SCE: A SingleCellExperiment object containing the input scRNA-seq data. You may also provide a path to an .R, .rds, or .qs file. If using a file, ensure the SCE object inside is named SCE.
range_downsampled_individuals: A numeric vector specifying the number of individuals to include at each downsampling level, in ascending order (e.g., c(10, 20, 30)). By default, 12 evenly spaced values are generated from 0 to the total number of samples, each rounded up to the nearest multiple of 5.
range_downsampled_cells: A numeric vector specifying the number of cells per individual to include at each downsampling level, in ascending order (e.g., c(20, 40, 60)). By default, 11 evenly spaced values are generated from 0 to the 90th percentile of per-individual cell counts, each rounded to the nearest multiple of 5.
output_path: A directory path where DGE analysis outputs of down-sampled datasets and power plots will be saved.

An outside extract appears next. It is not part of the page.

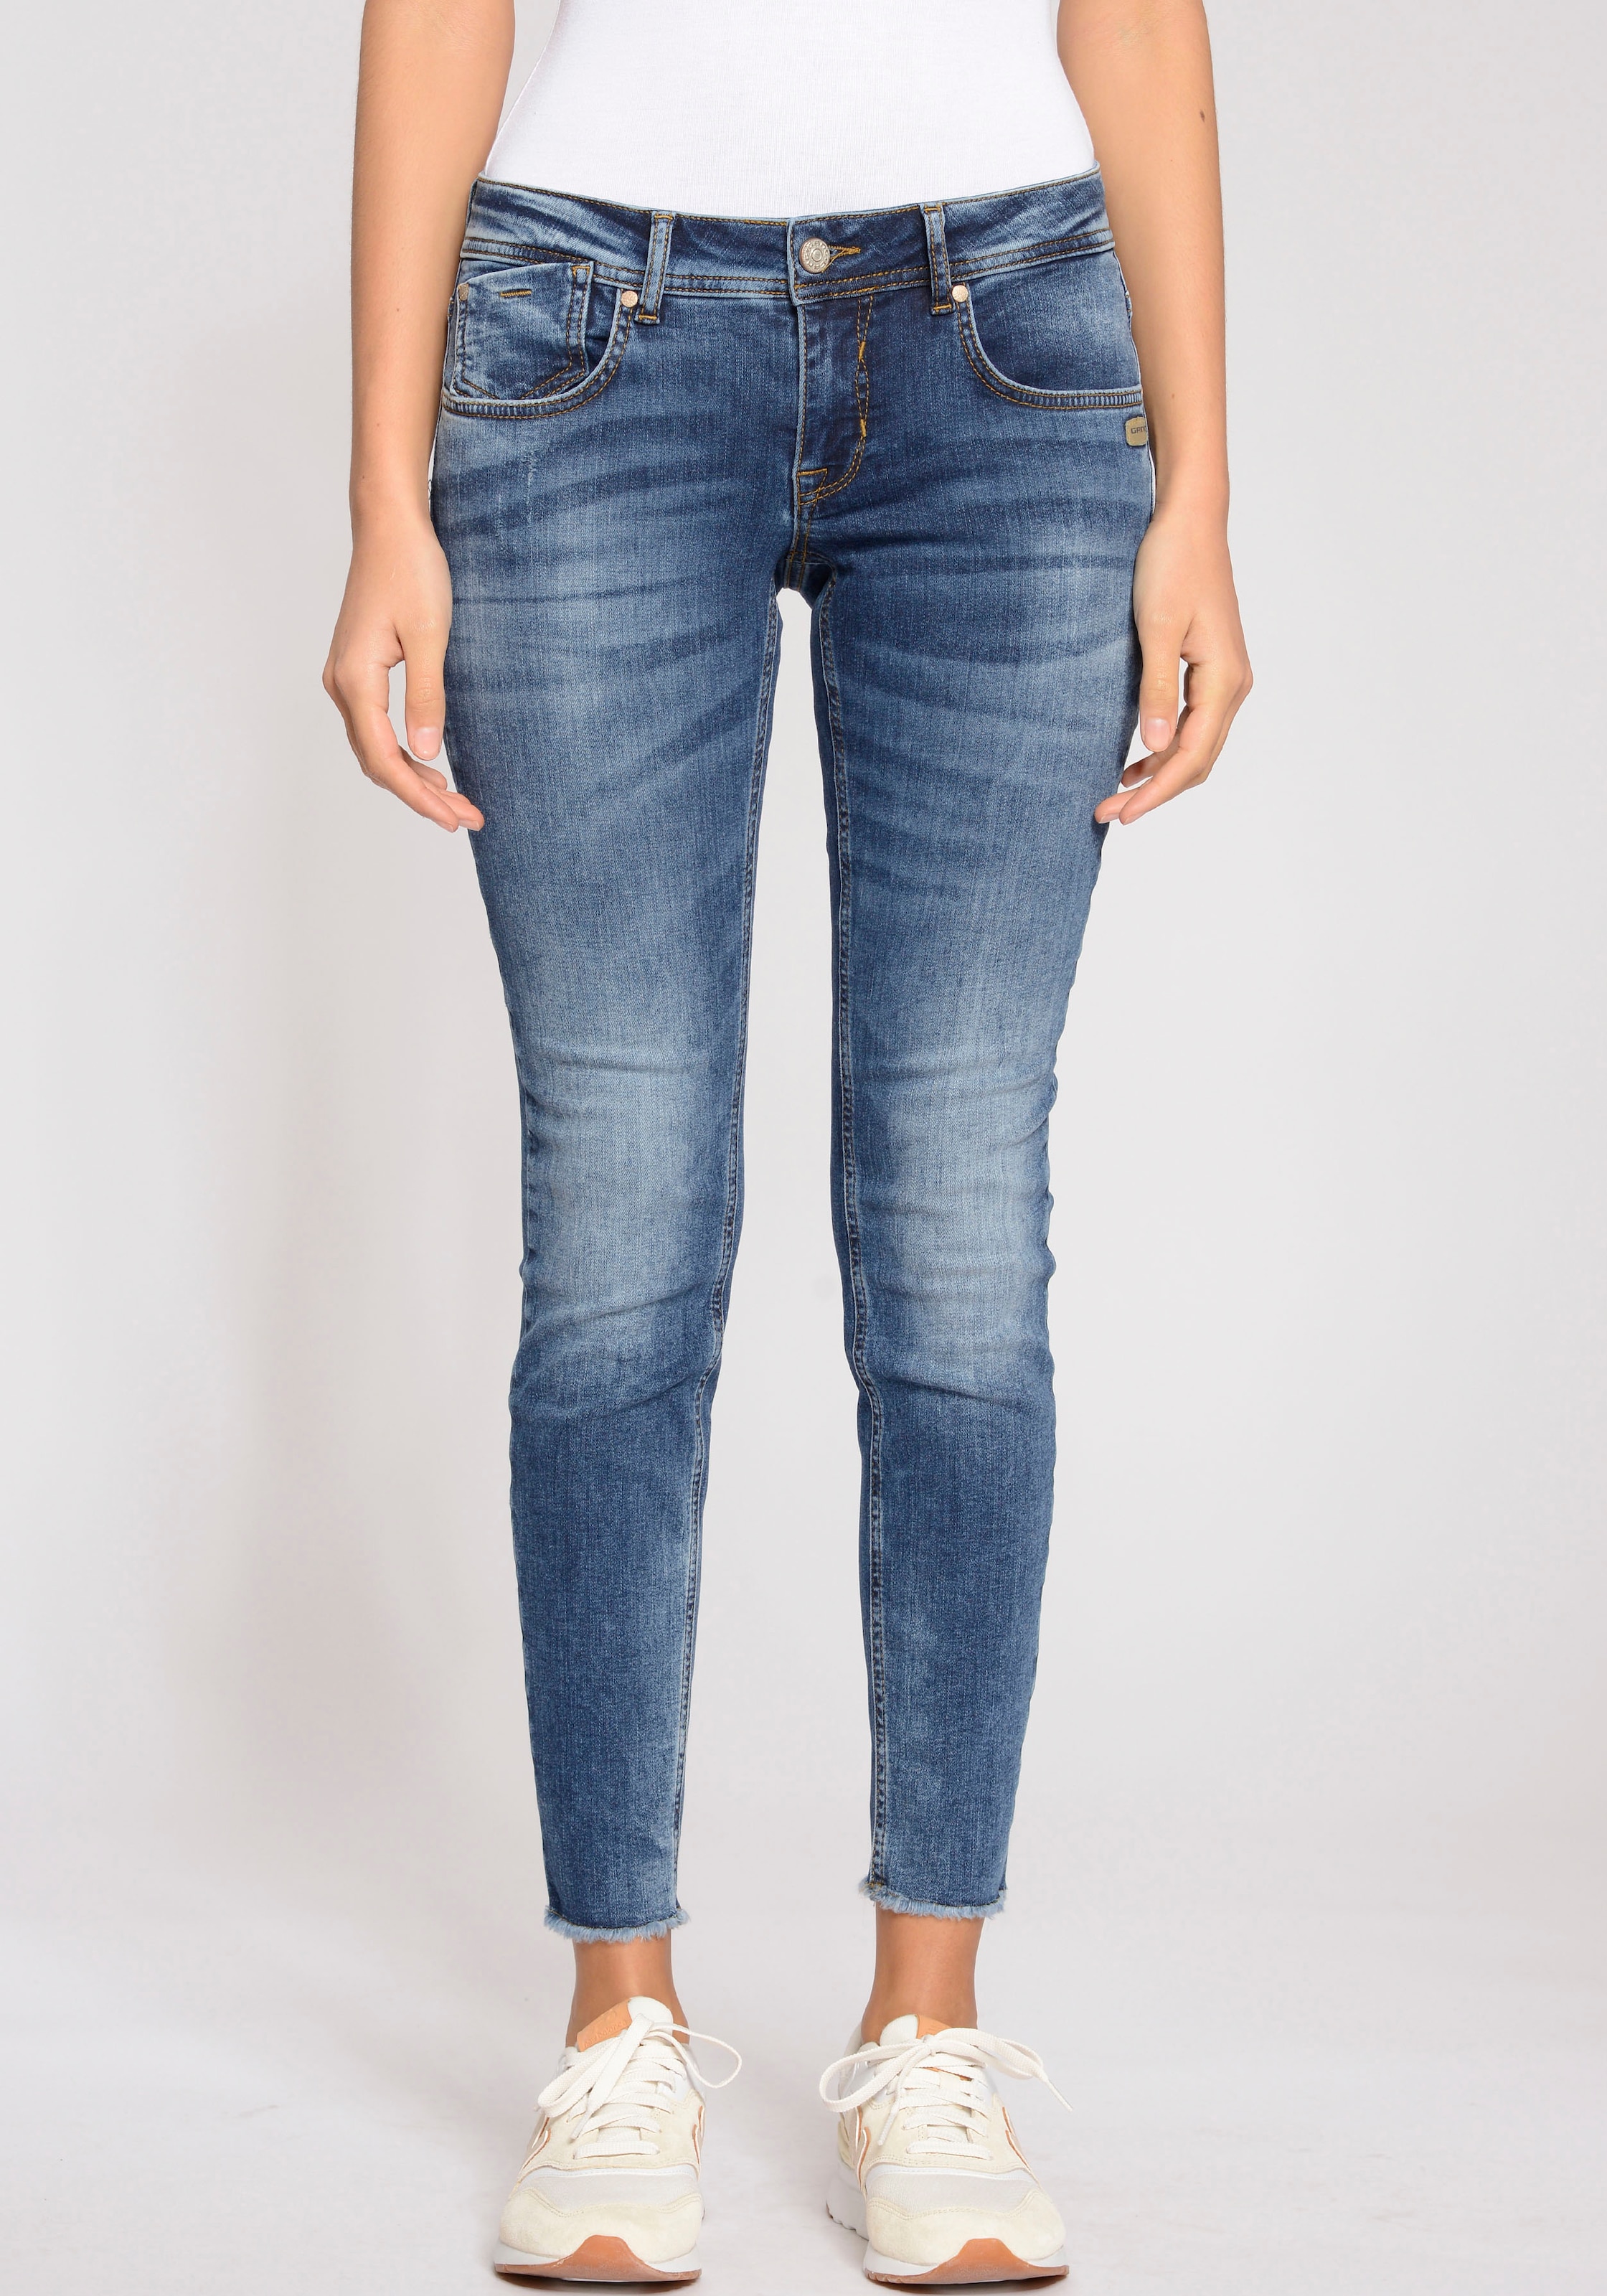 Faye im Shop Online »94 Cropped« OTTO Skinny-fit-Jeans GANG

sampleID: Name of the column in the SCE metadata that identifies biological replicates (e.g., patient ID). This column is used for grouping in the pseudobulk approach.

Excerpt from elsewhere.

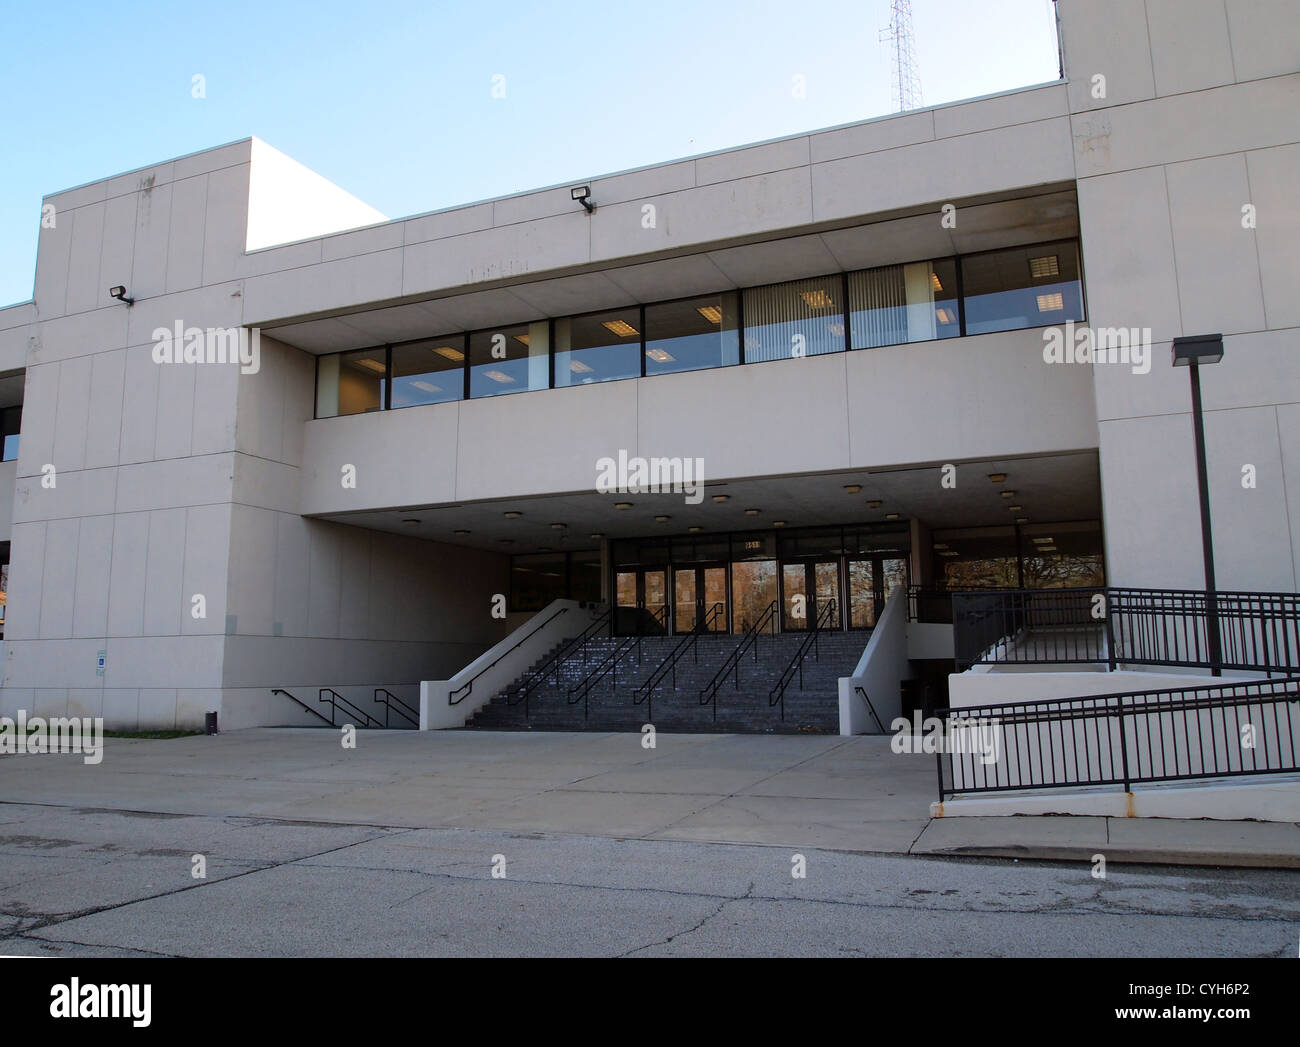 Illinois State Police headquarters, previously the Maine North High School, used in the 80's movie The Breakfast Club. Stock Photo

design: A model formula specifying covariates for differential expression analysis. It should be of class formula (e.g., ~ sex + pmi + disease). This formula is used to fit a generalized linear model.
sexID: Name of the column in the SCE metadata that encodes the sex of individuals. Default is "sex".
celltypeID: Name of the column in the SCE metadata indicating cell type labels. This is used to identify celltype specific DEGs.
assay_name: Name of the assay in the SCE object to use for analysis. Default is "counts", which uses the count assay in each SCE.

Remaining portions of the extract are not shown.